Physical AI & Humanoid Robotics
From Digital Brain to Embodied Humanoid Intelligence
Welcome to the official course textbook for Physical AI & Humanoid Robotics — a university-level, 13-week program designed to take you from foundational AI theory to building and deploying autonomous humanoid robot systems.

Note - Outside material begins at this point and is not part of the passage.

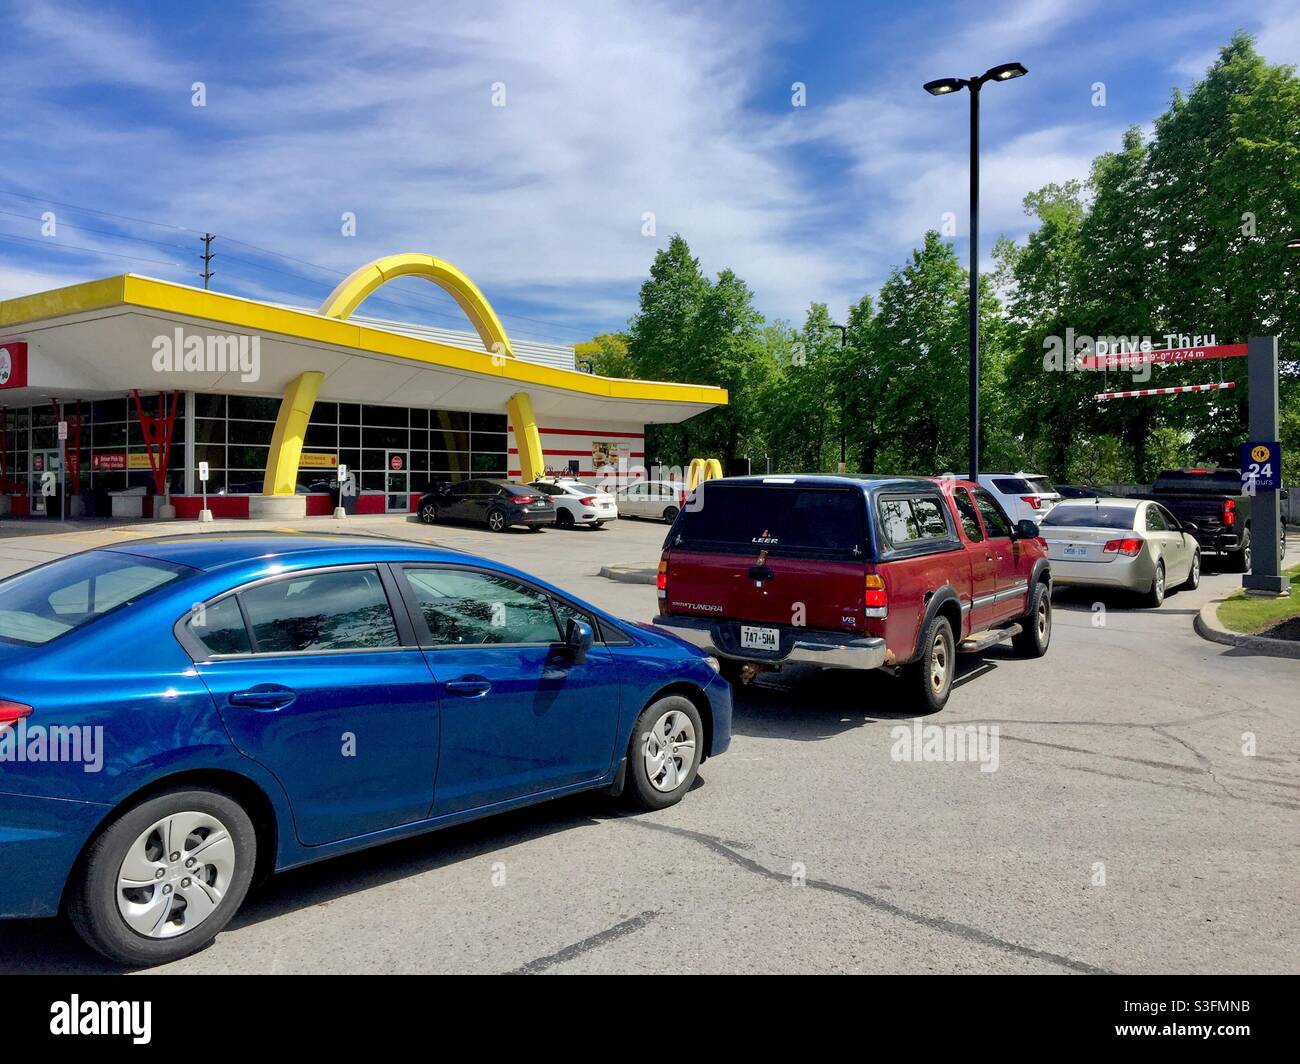 Gamme au McDonalds Drive, Ontario, Canada. Restauration rapide, file d'attente lente aux Golden Arches. Les restrictions Covid augmentent la demande d'aliments sans contact. Banque D'Images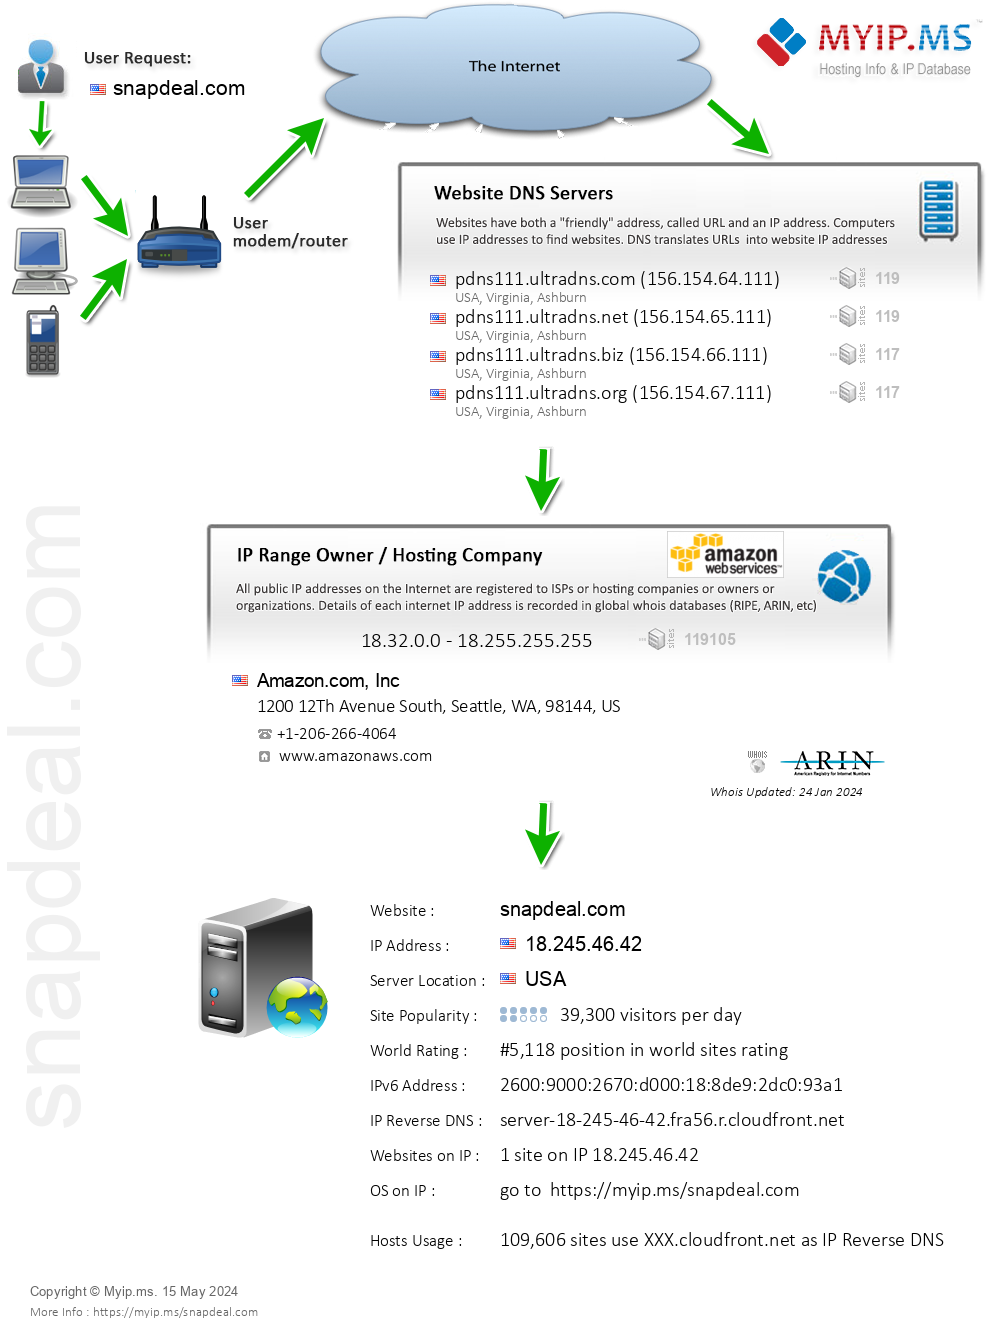 Snapdeal.com - Website Hosting Visual IP Diagram

This textbook has a built-in AI assistant powered by RAG (Retrieval-Augmented Generation). Click the chat orb in the bottom-right corner to ask questions about any topic in the book. You can also highlight any text on a page and click ✨ Ask about this to get a targeted explanation.
What You Will Learn
This course bridges the gap between AI software and physical robotic hardware. By the end of this program, you will be able to:
- Understand the principles of Physical AI and Embodied Intelligence
- Build and configure ROS 2 robotic systems using Python agents
- Simulate humanoid robots in Gazebo and Unity digital twins
- Leverage NVIDIA Isaac for AI-powered robot perception and navigation
- Create Vision-Language-Action (VLA) pipelines that accept voice commands and execute real-world tasks
Course Structure
| Week | Module | Topic |
|---|---|---|
| 1–2 | Introduction | Foundations of Physical AI, Sensor Systems |
| 3–5 | Module 1: ROS 2 | Robot Nervous System, Nodes, URDF |
| 6–7 | Module 2: Gazebo & Unity | Digital Twin, Physics Simulation |
| 8–10 | Module 3: NVIDIA Isaac | AI Brain, VSLAM, Reinforcement Learning |
| 11–13 | Module 4: VLA Capstone | Voice-to-Action, Autonomous Humanoid |
Prerequisites
- Python 3.10+ programming experience
- Basic understanding of Linux/Ubuntu command line
- Familiarity with neural networks (recommended, not required)
Hardware Options
This course supports multiple hardware configurations — from a high-end workstation with an RTX 4070 Ti to an affordable Jetson student kit (~$700). See the Hardware Requirements page for details.
Capstone Project
The final capstone project challenges you to build a fully autonomous humanoid that can:
- Receive a voice command ("Pick up the cup")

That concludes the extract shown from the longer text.